Back then, report cards had a grading system of A, S and U. A – prepare for sorority parties. S – prepare for shop classes, which was an insult back then, and U – Who the hell are you kidding? Go home and start over, girl. There also was a grid with boxes for behavior in general, attitude, cooperation, courtesy, self-control and study habits, which also used the A/S/U scale along with a system of checks. A – teacher’s pet. S – get some bail money ready because the teenage years will be rough. U – hellbent for jail and starring roles in Britney Spears songs about criminals.

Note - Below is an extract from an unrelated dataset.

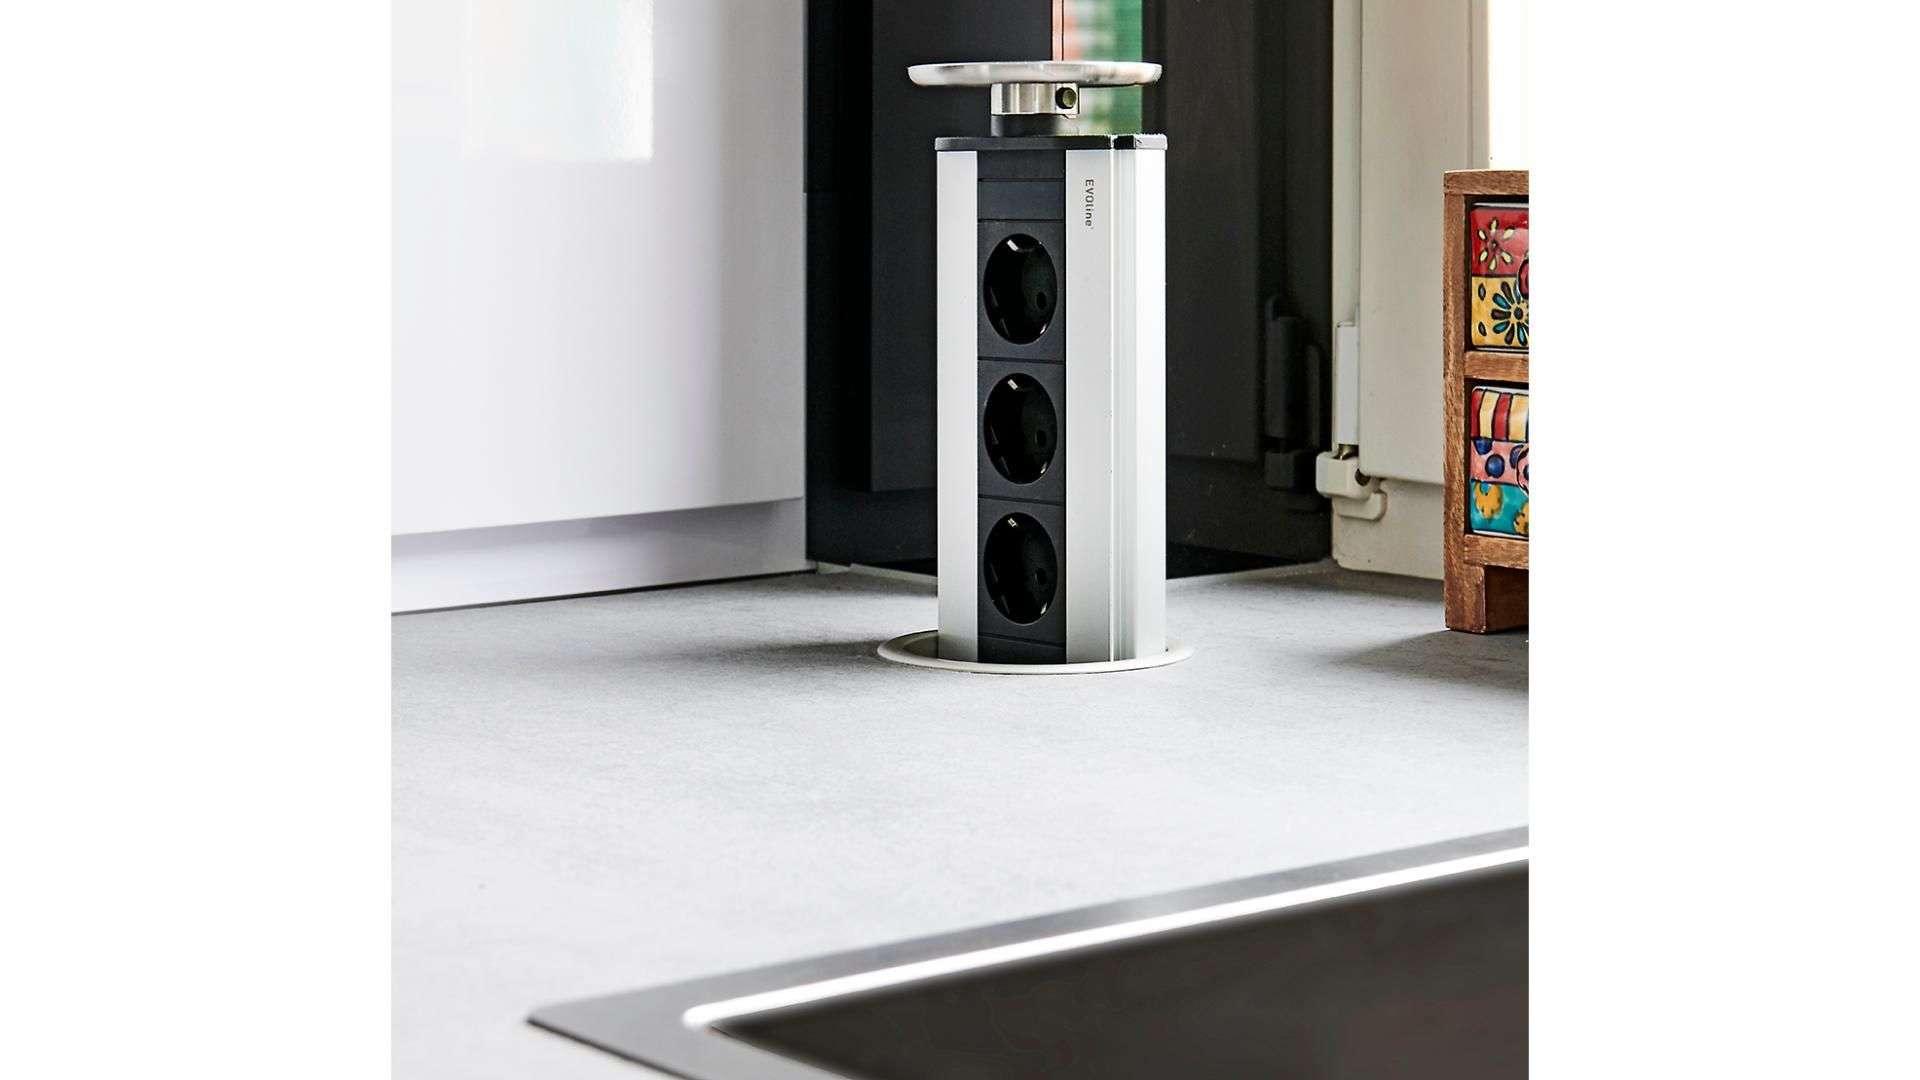 Ausfahrbare Steckdosen aus einer Küchenzeile
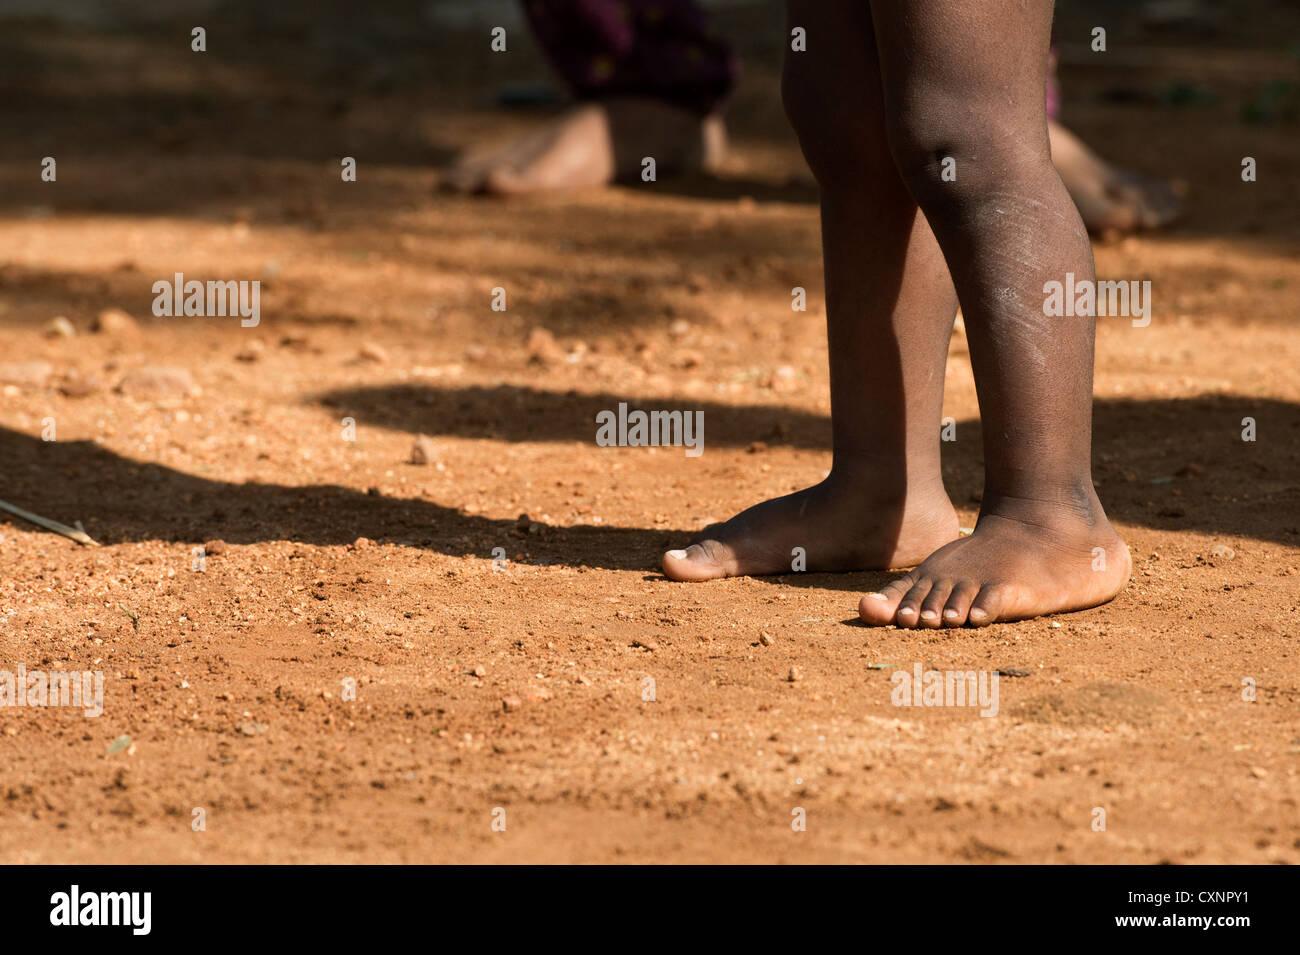 Bambini indiani gambe nude e piedi getta un' ombra sulla terra in un territorio rurale villaggio indiano. Andhra Immagini Stock

When I was kid, I thought I had done a stellar job because a lot of my boxes were checked, but Mom finally set me straight. If nothing was checked, you didn’t have a problem. If the teacher checked a slot, then you needed to work on that area.

Ohhh…

I had not been a courteous, respectful, quiet little self-starter. I was a lippy, out-of-control hell-raiser who cheerfully, effectively, promptly and readily fought authority and rules at every turn and at the top of my voice.

Some of the comments: “needs to keep her mind on her seatwork.” “she still talks too much.” “she still needs to work on her behavior.” “sure to make a U in conduct.” Making a U meant you failed; an S meant you were just  doing ok. That teacher, 3rd grade, Ms. Daisy McDuffie, gave me an S—-. She had hope, bless her heart.

After all the time I’d spent in the Catholic School naughty corner staring at the crucifix, after the times I’d been sent to find my own switch, after all the welts from the belt strap – why was anybody surprised about my school behavior?

“What was wrong with you?” my younger kid asked. “That was just sad. Why couldn’t you just pay attention?”

I thought about it. What WAS wrong? Was I bored? Confused? Starved for attention? Just plain BAD? Face it. I was bad. I was the kid that very few parents wanted to see coming. I wasn’t horrible, just defiant. Always asking WHY? Didn’t care who I offended. At church meeting, I interrupted once to ask “WHY?” and got nasty stares and a pinch from my great-grandma for being insubordinate. After I wrecked my car with a friend in it (in high school), I told the friend’s dad, an Army officer, to step up and get his own son from band practice. When another friend’s parents told me my skirt was too short, I asked them why they were looking. I played with firearms. I raced cars. I cut class.

I worried every year up until college that THIS YEAR would be the one Santa threw in the towel.

The kids are still laughing, and it’s actually nice to have this part of my past in the open, even if it’s cold revenge for my Mom. We can discuss it with logic – when they stop laughing. And when they get lippy/resentful/defiant/bad/etc, I’ll add notes to their permanent records and patiently wait for grandchildren.